** Provided data follows **

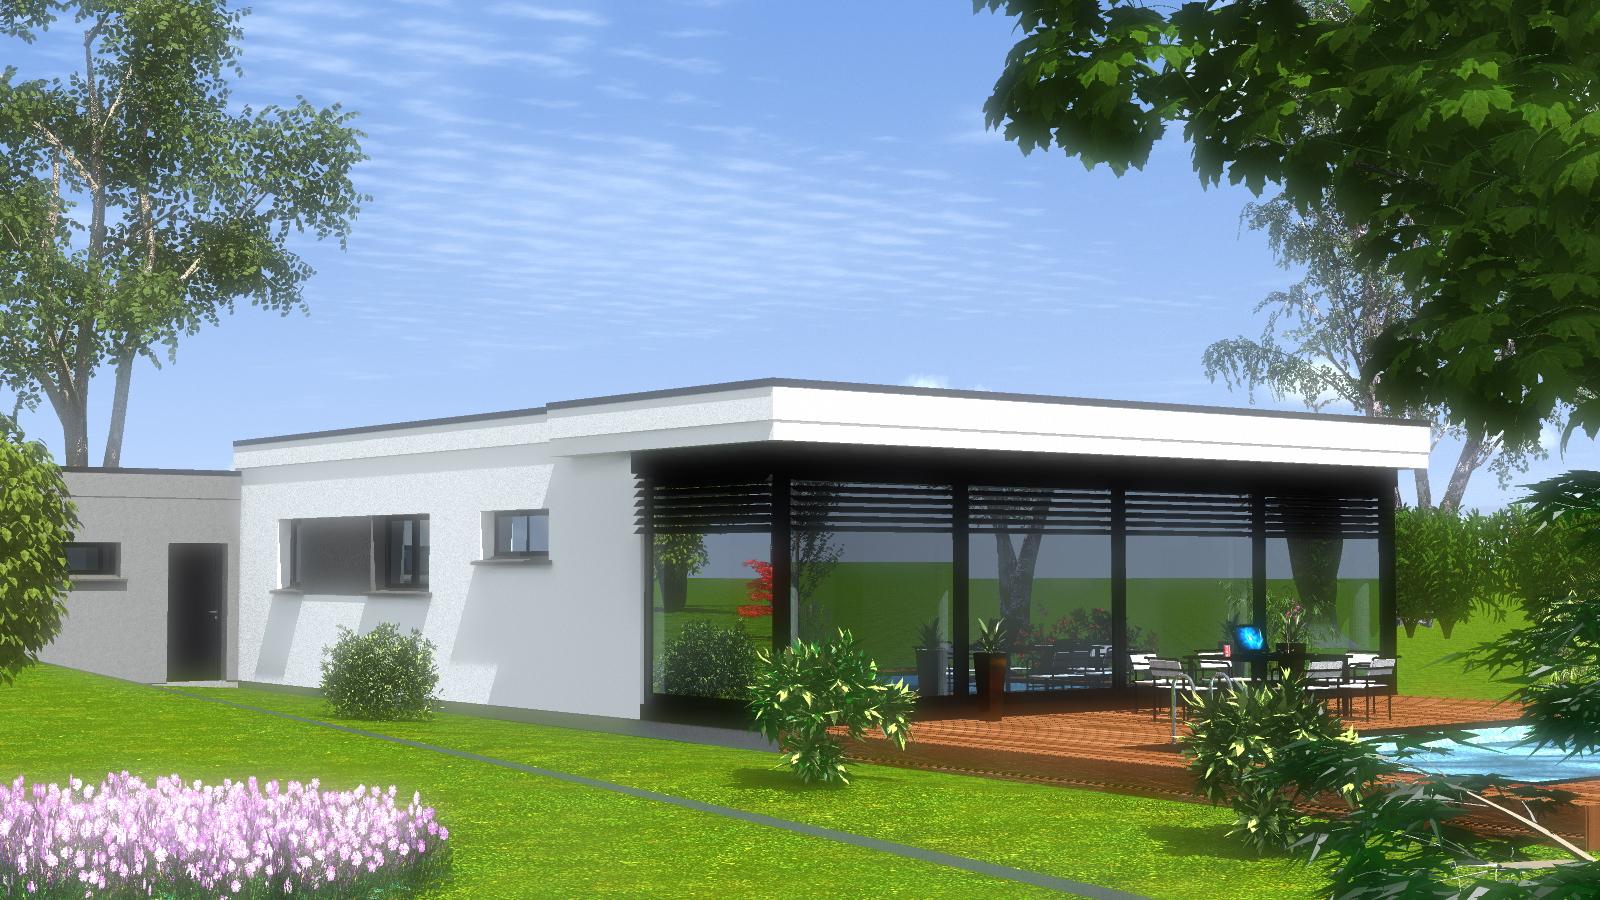 Toit Terrasse Maison Construction Maison toit Plat Maisons Begimaisons Begi
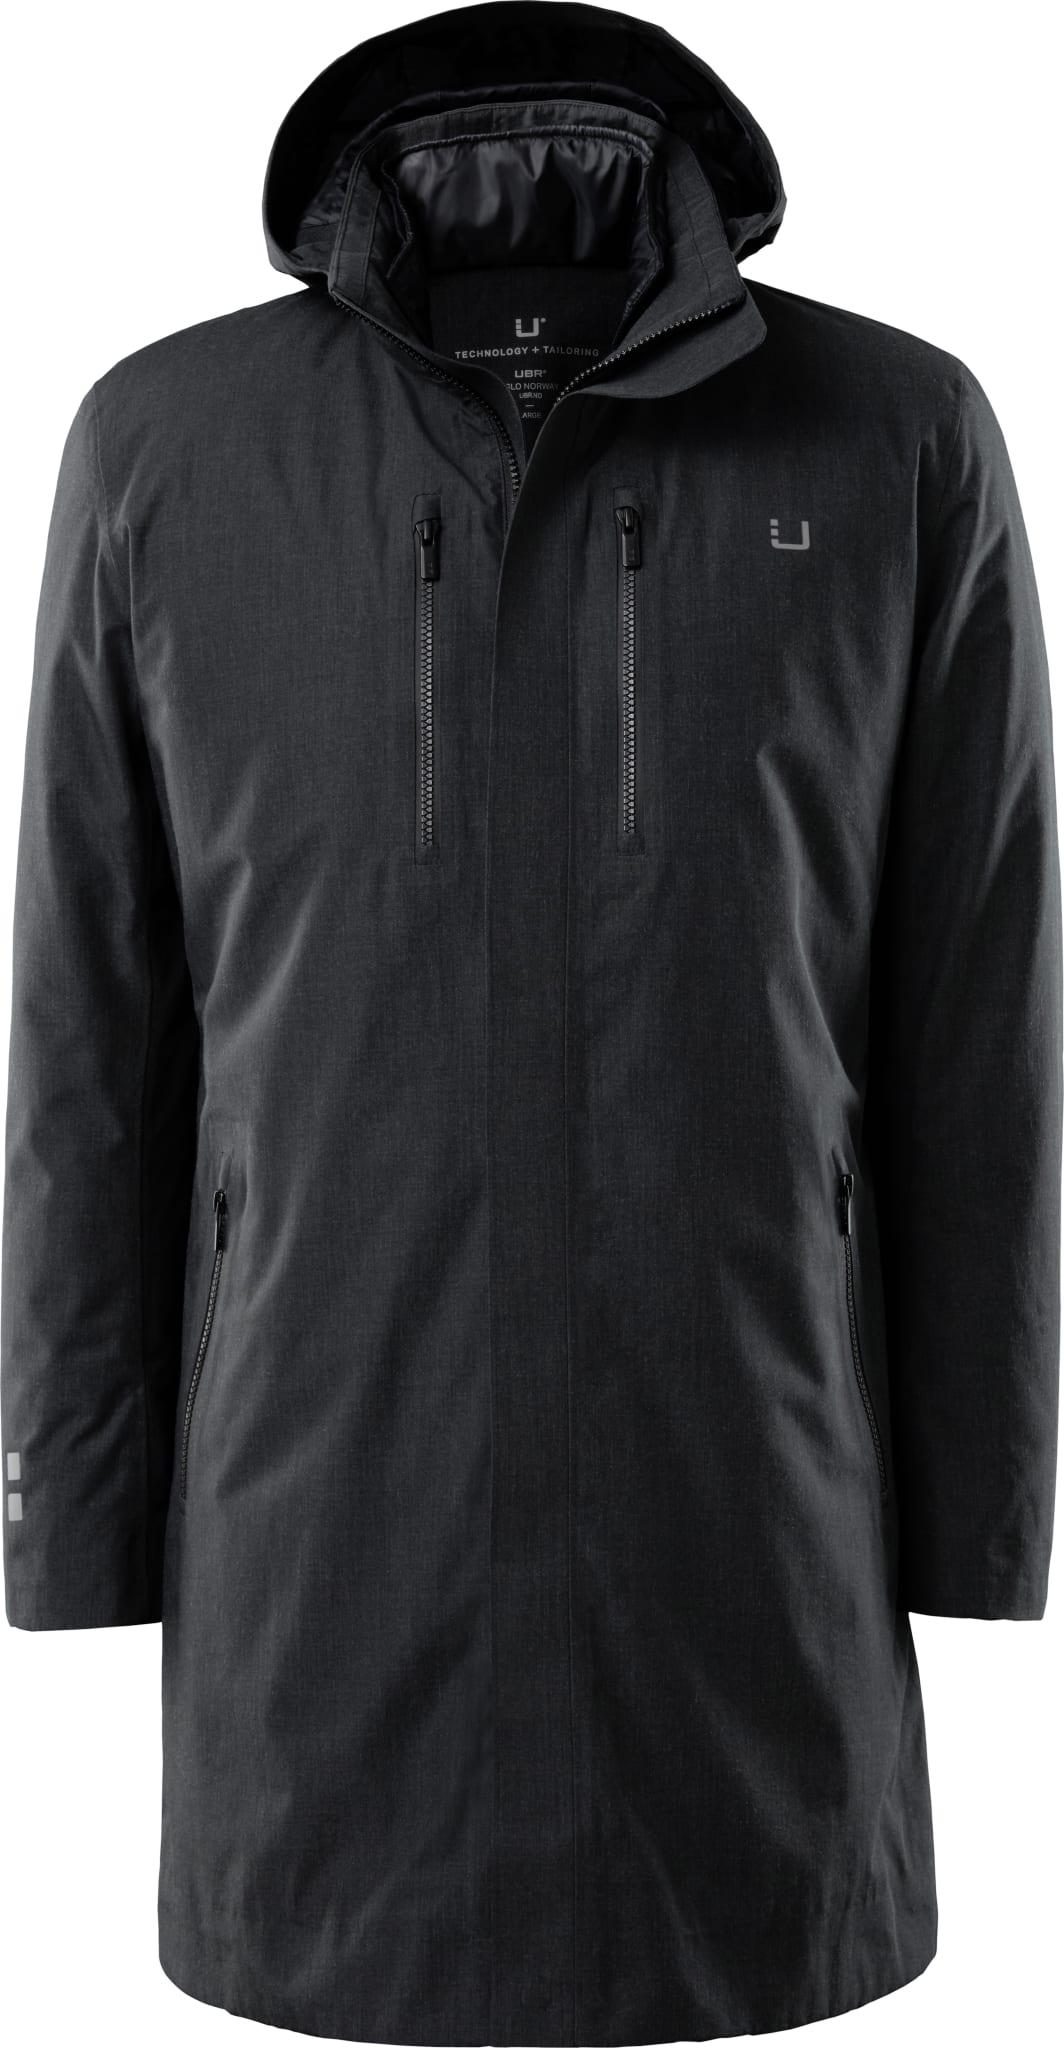 Black Storm Coat DELTA
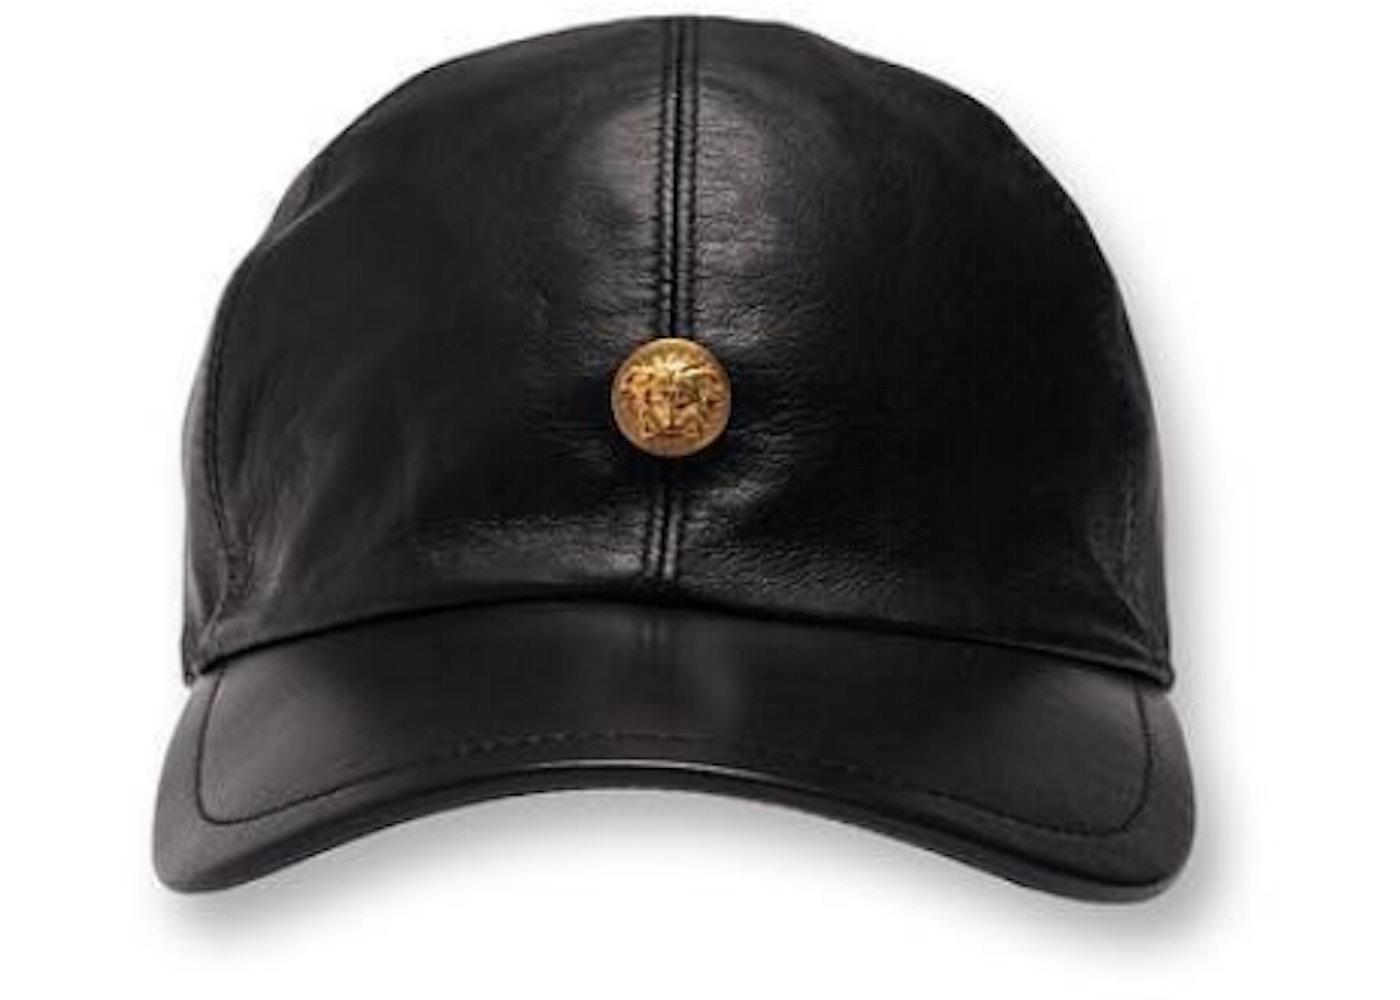 8d9389bb94c1f Streetwear - Kith Headwear - New Highest Bids
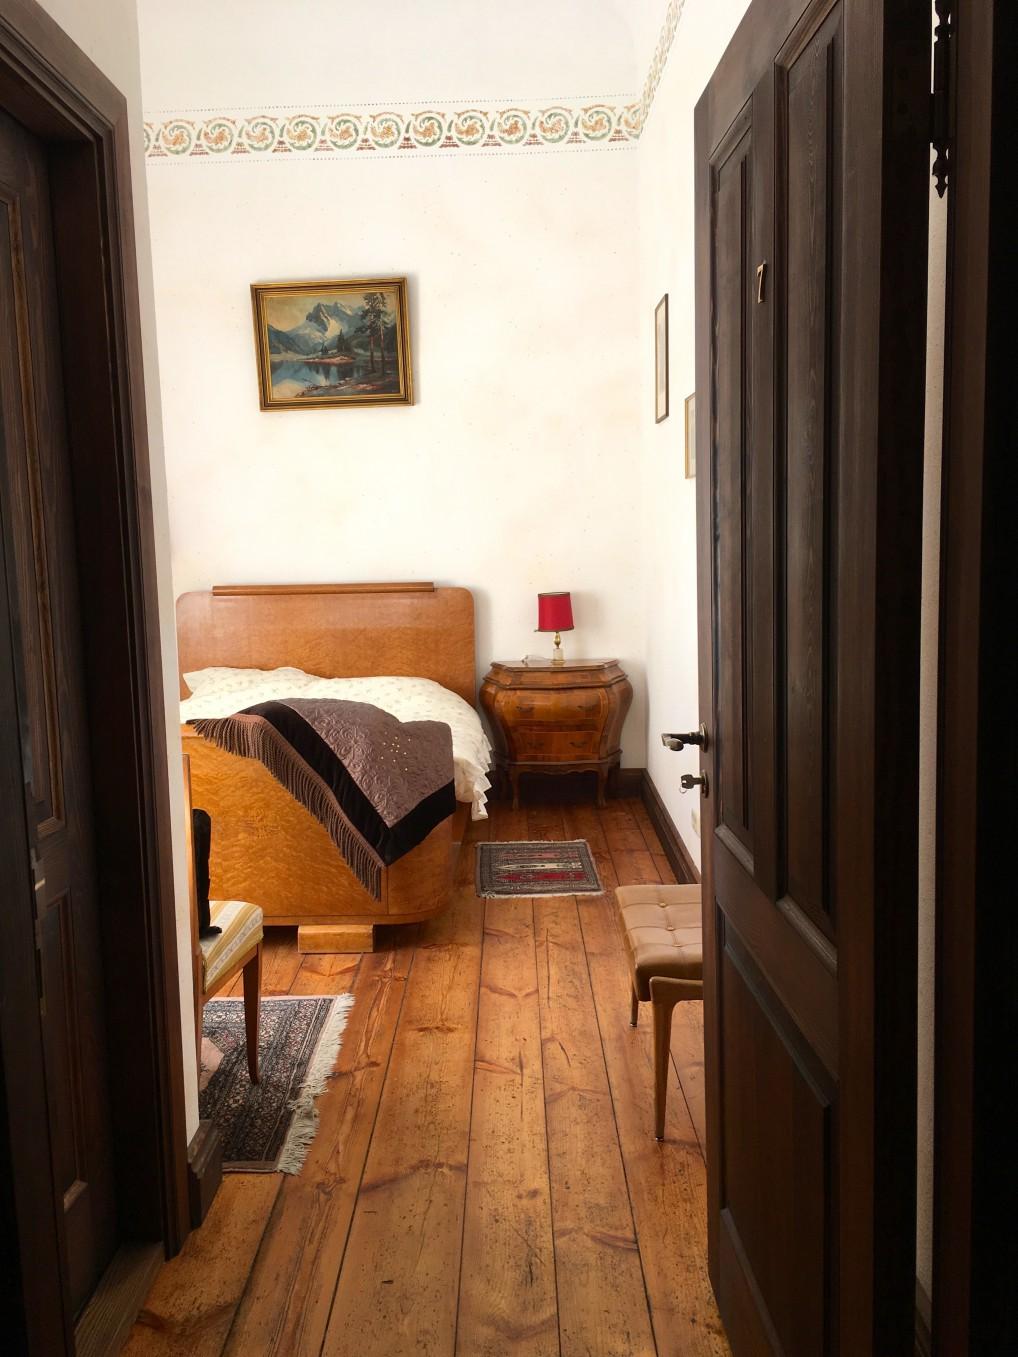 Rom med gamle møbler
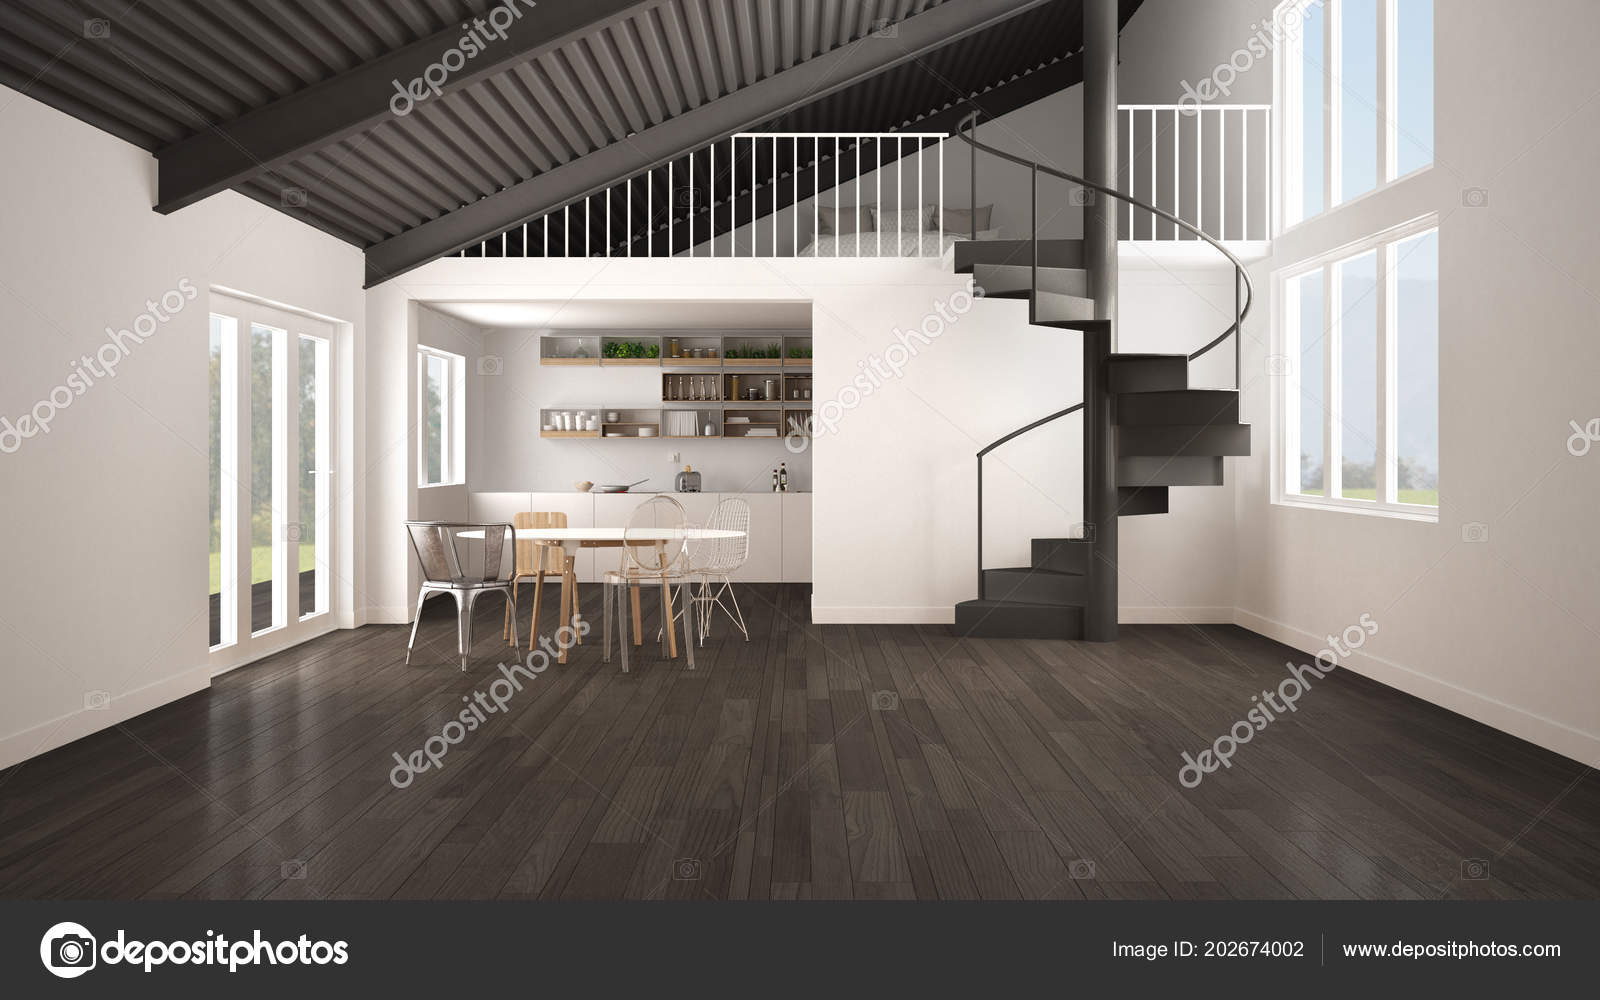 Minimalistische Freifläche Weißen Und Grauen Küche Mit Mezzanine Und ...

** End of Provided data **

▶ **Assigned task**
Leave the images out and transcribe the rest of the material exactly.

▶ **Output for this exercise**
 Toit Terrasse Maison Construction Maison toit Plat Maisons Begimaisons Begi
 Black Storm Coat DELTA
 8d9389bb94c1f Streetwear - Kith Headwear - New Highest Bids
 Rom med gamle møbler
 Minimalistische Freifläche Weißen Und Grauen Küche Mit Mezzanine Und ...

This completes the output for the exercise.